_What you have to do_.
After locating the line that holds "ps1u-Triple Play 99", output it and all following lines word for word, stopping only at the end of the data.

_Information provided_.
[Start of section]

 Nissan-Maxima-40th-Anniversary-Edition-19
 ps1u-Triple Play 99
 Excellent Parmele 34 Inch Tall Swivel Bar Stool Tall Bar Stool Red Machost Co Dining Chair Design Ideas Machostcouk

[End of section]

_Result for this task_.
 ps1u-Triple Play 99
 Excellent Parmele 34 Inch Tall Swivel Bar Stool Tall Bar Stool Red Machost Co Dining Chair Design Ideas Machostcouk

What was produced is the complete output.